He tried to explain it away, to not really answer, and to say that it was for the greater good.
I said that when it is clear that these laws are really protecting people, and that the laws are put in place after a long fight for them to exist by the people that are protected by them, why then would it be necessary to argue for them to be removed before the need for them has passed, why would this be a point worth arguing for?
He just said he hadn't heard of that research or thought about those arguments, and then just stood silent for a bit before the moderator said we should take the next question.
If you want to express opinions, especially publicly as a public person, then you should really know what you are talking about, this isn't research that has just come up in the last year (just a minute on pubmed.com gives me papers that touch this subject that dates back 15 years) and as he based so much of his argument on that no one really gets hurt by hate-speech he should have looked up if that was even true?
I put myself on the list for another question.
A woman in front of me asked: if you are a woman in India, and it doesn't matter if you are naked or not, you still can get raped anytime you go on or of a bus, and you have no choice but to take a bus everyday if you want to have any chance at... he interrupted her and said that the woman was part at fault for being there, she could chose not to take the bus.
A couple of more people asked questions that he answered just as they expected, against what almost most political activists (more specifically feminists) has worked against recently.

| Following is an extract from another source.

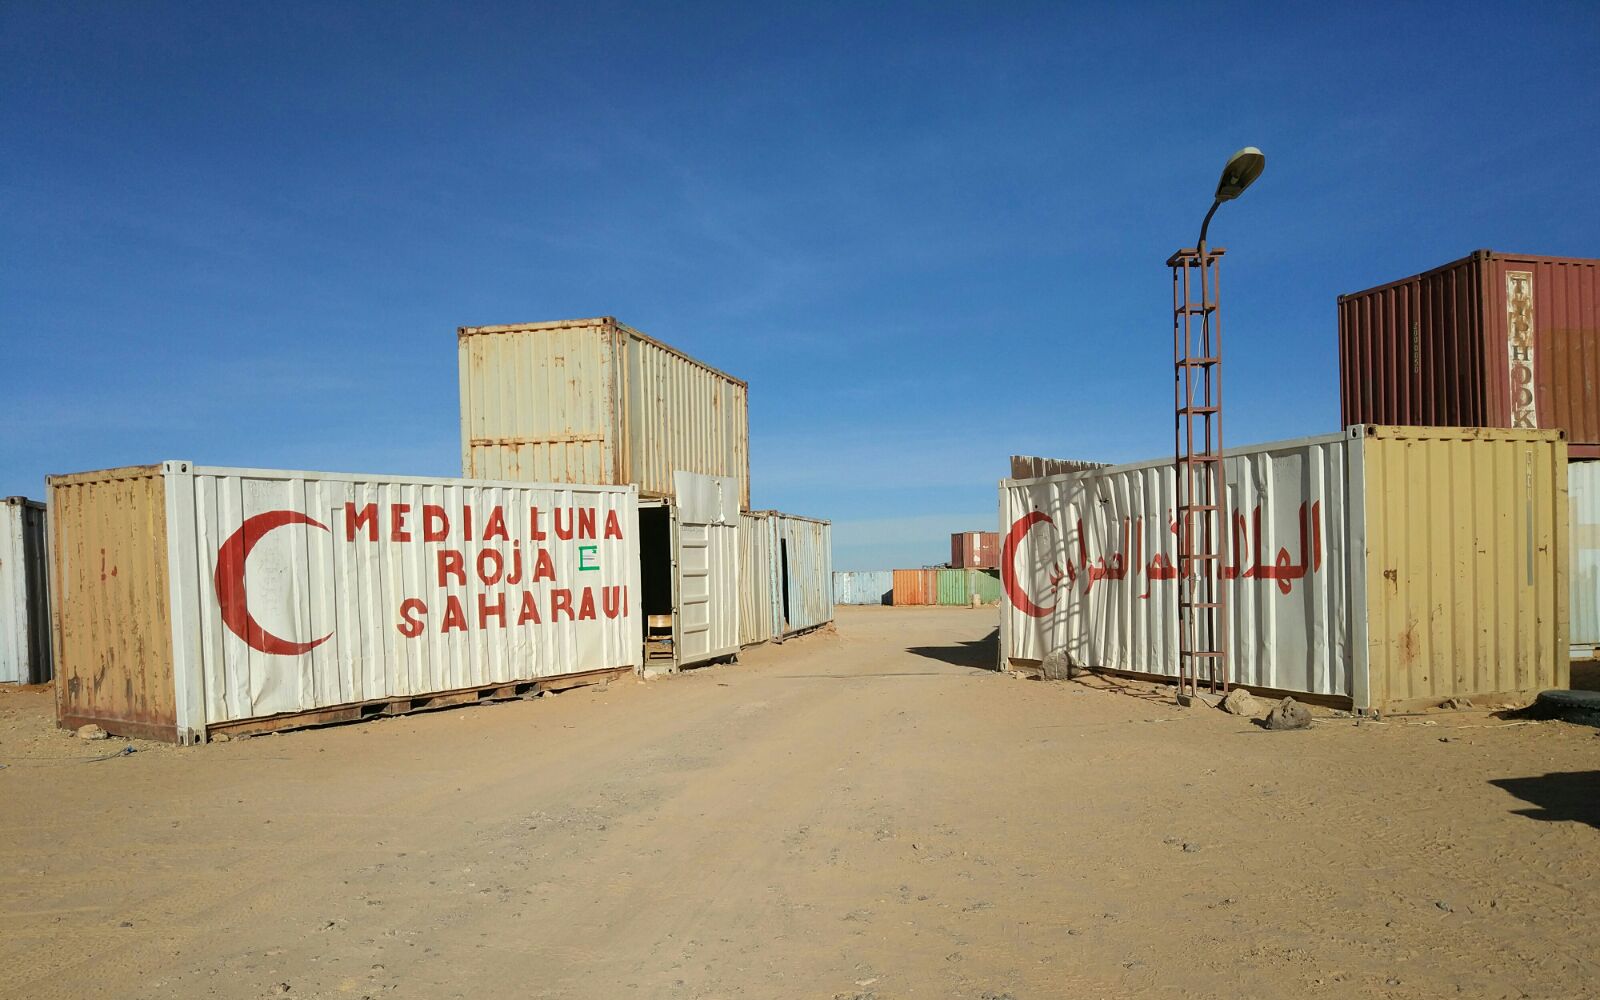 a_fedesaex_viaje de identificacion_sahara-extremadura-campamentos-refugiados-tindouf-media-luna-roja-saharaui

He gave an other example, that you're just out walking and you say "hi" to a random person and then that person kills you cause s/he was homicidal and waiting for any trigger, I loudly point out that that is the exact same principle as the naked-in-a-park example, and he said that this is also partly your fault cause you shouldn't have talked to that person then and there.
He says that he kind of supports "blame the victim" principles and adding "haha", but I felt that most of the audience was pretty critical to all he said so I didn't feel the need to do anything more than shake my head.
I don't understand how he can have gotten this far with these ideas when he can't answer on any of the critique on it? Maybe by just doing this like this, and then continue to get invited to hold events and positions cause he doesn't write on his merits that he just talks away/ignores the critique.
He ended the questioning period 20 minutes early (even thou there was still a whole lot of people who hadn't gotten to ask their questions yet).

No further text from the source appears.